▶ _WHAT TO DO_
Every line below from the one with "KölnAlumni | Hier sprechen: Kluge Köpfe!" through the one with "Vacation Rental website" should be retyped exactly, both ends included; no other lines and no pictures.

▶ _INFORMATION GIVEN_
★ ★ ★ ★ ★

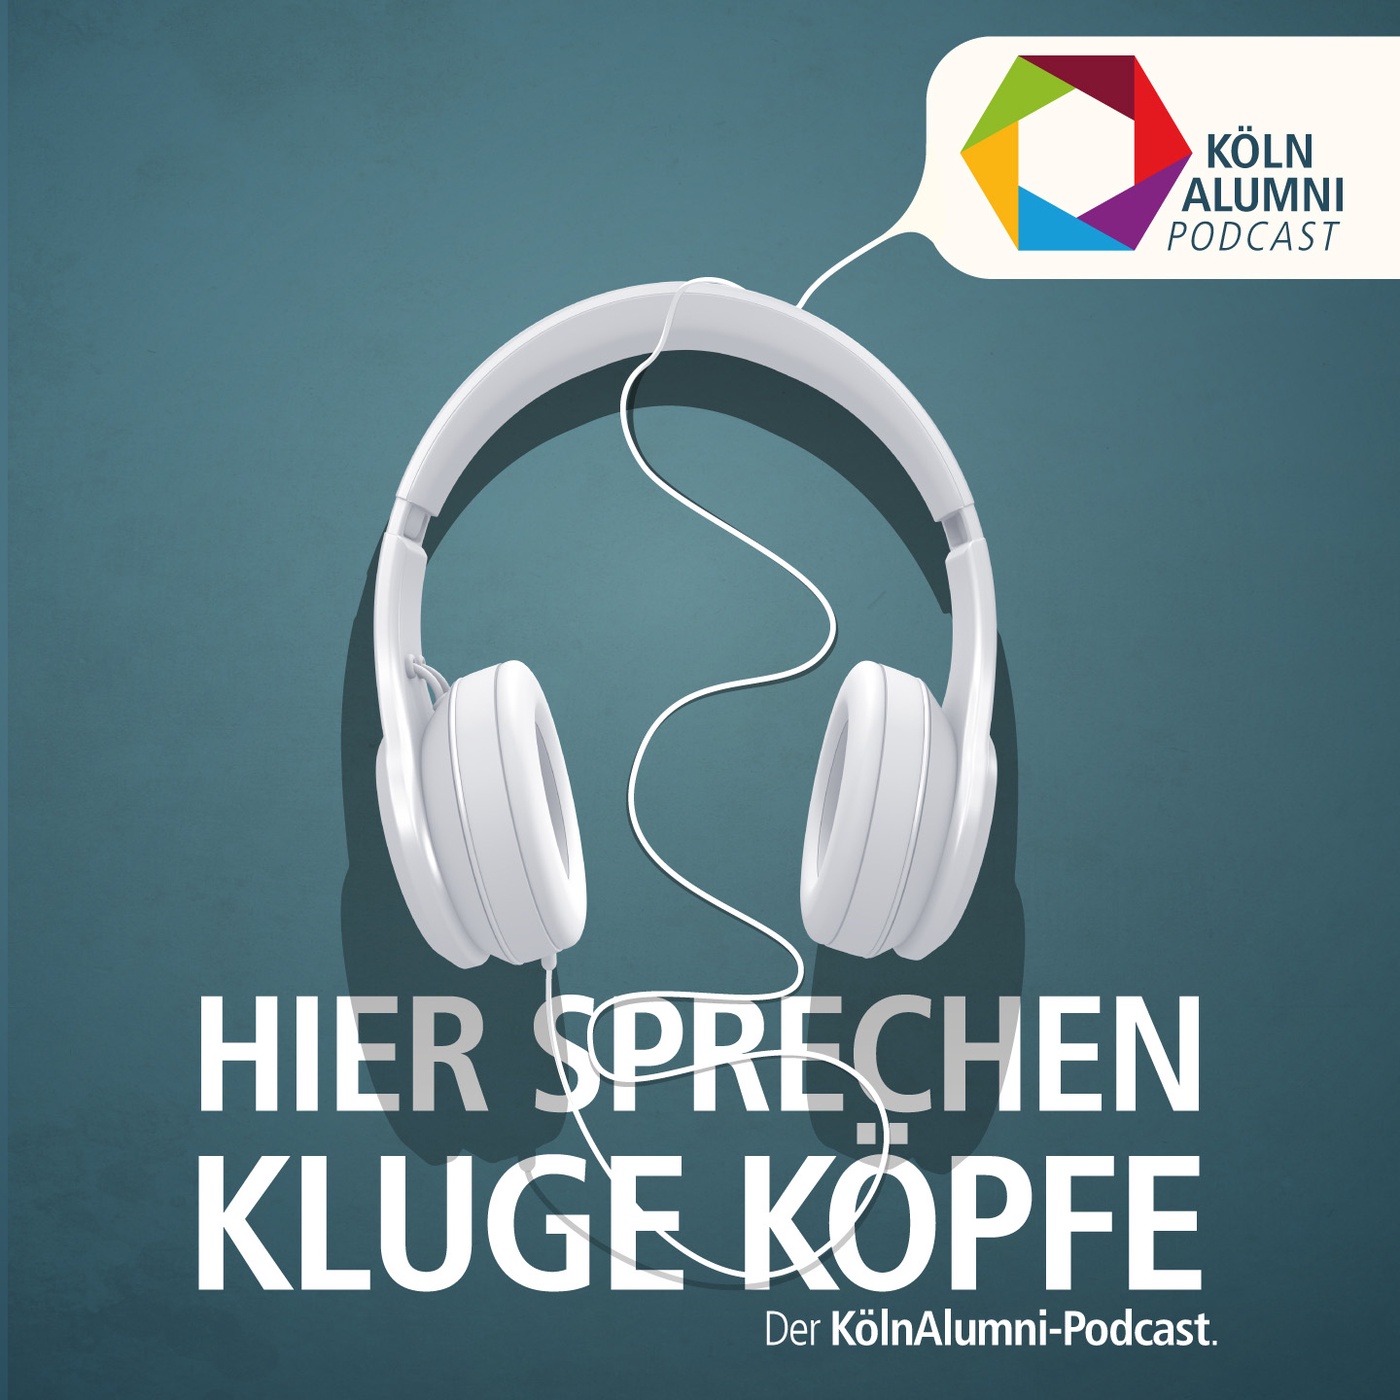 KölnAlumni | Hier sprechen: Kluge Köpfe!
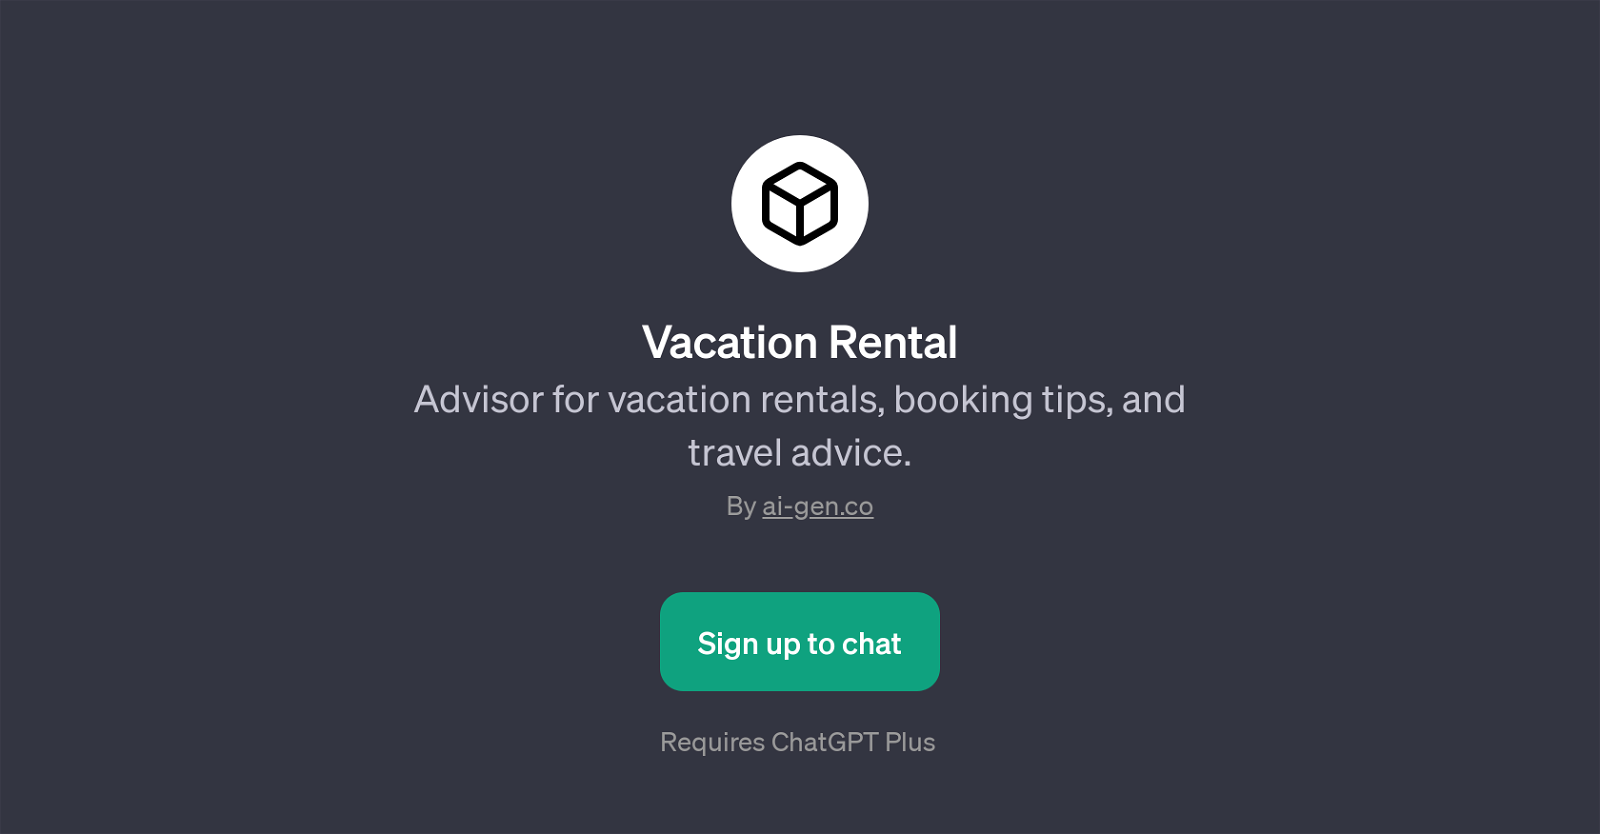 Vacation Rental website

★ ★ ★ ★ ★

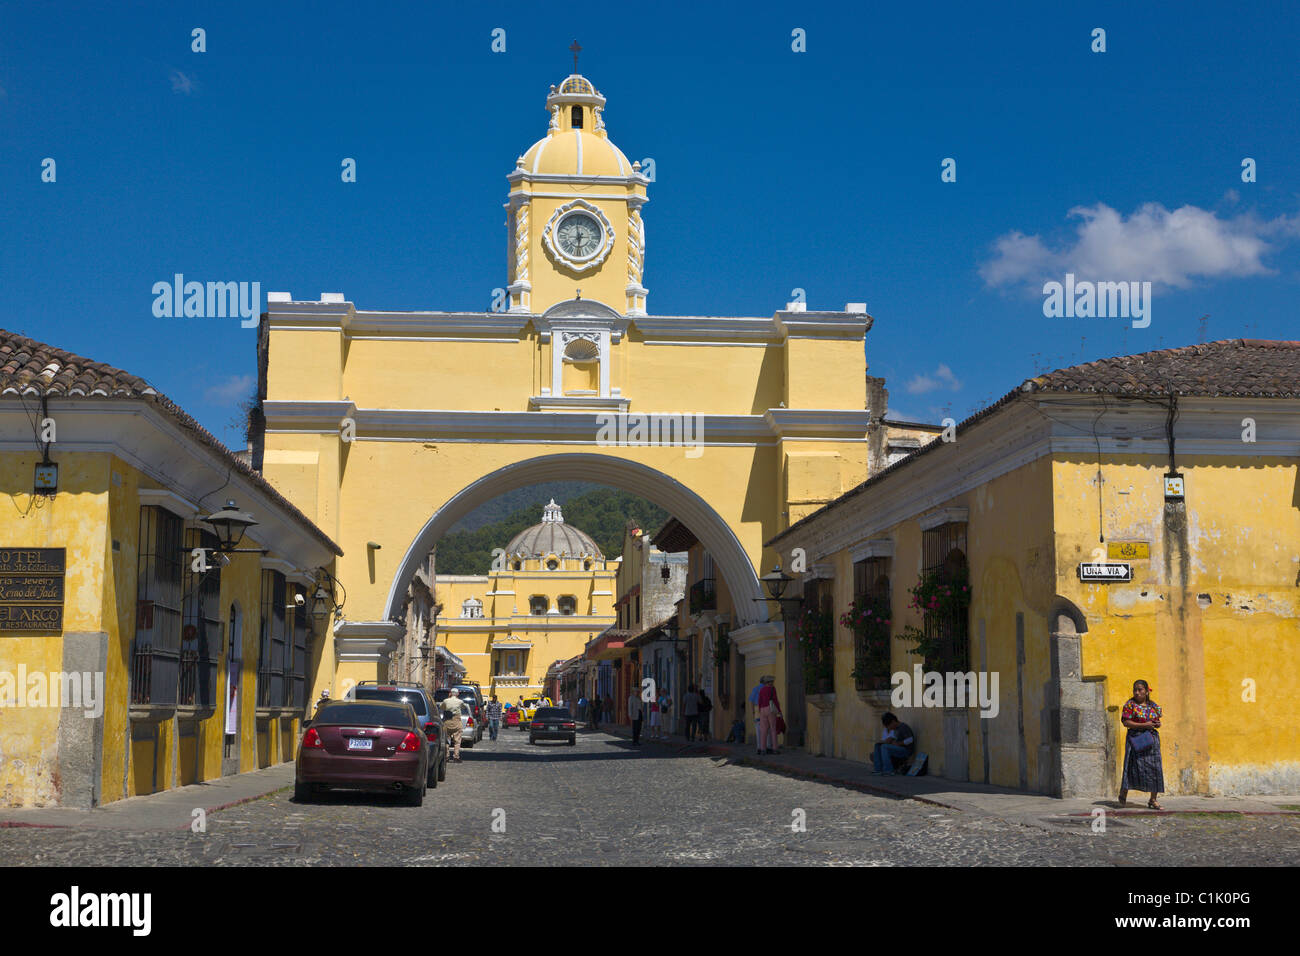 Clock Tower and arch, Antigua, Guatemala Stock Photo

★ ★ ★ ★ ★

▶ _FINAL ANSWER_
 KölnAlumni | Hier sprechen: Kluge Köpfe!
 Vacation Rental website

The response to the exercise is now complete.